* What the task asks *
Print the lines that run from the line with "Martin's Big Words: The" to the line with "The $1 billion", keeping both end lines, exactly as they appear in the entries below, and nothing else.

* Study material *
········
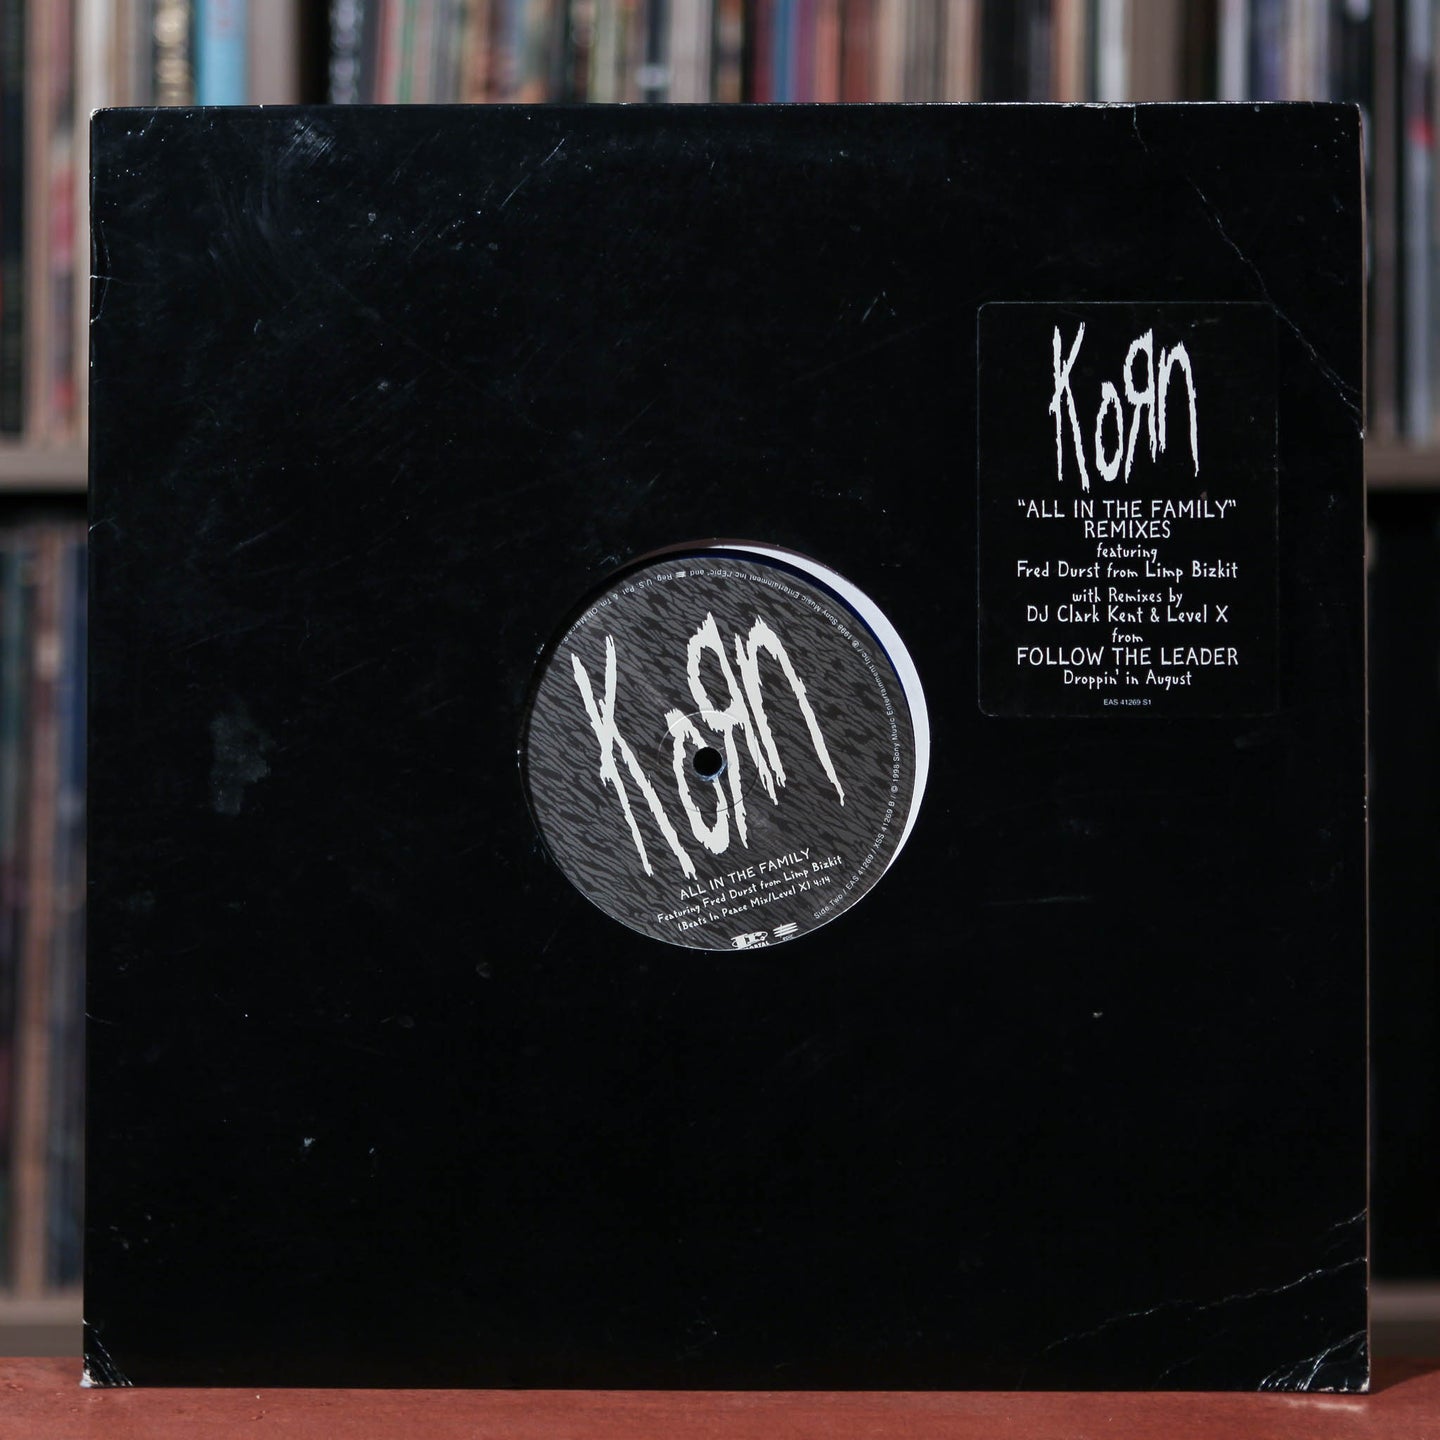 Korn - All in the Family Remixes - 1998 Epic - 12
········
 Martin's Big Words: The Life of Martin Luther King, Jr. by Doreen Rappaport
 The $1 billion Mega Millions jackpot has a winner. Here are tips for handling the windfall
········
* Solution to the exercise *
 Martin's Big Words: The Life of Martin Luther King, Jr. by Doreen Rappaport
 The $1 billion Mega Millions jackpot has a winner. Here are tips for handling the windfall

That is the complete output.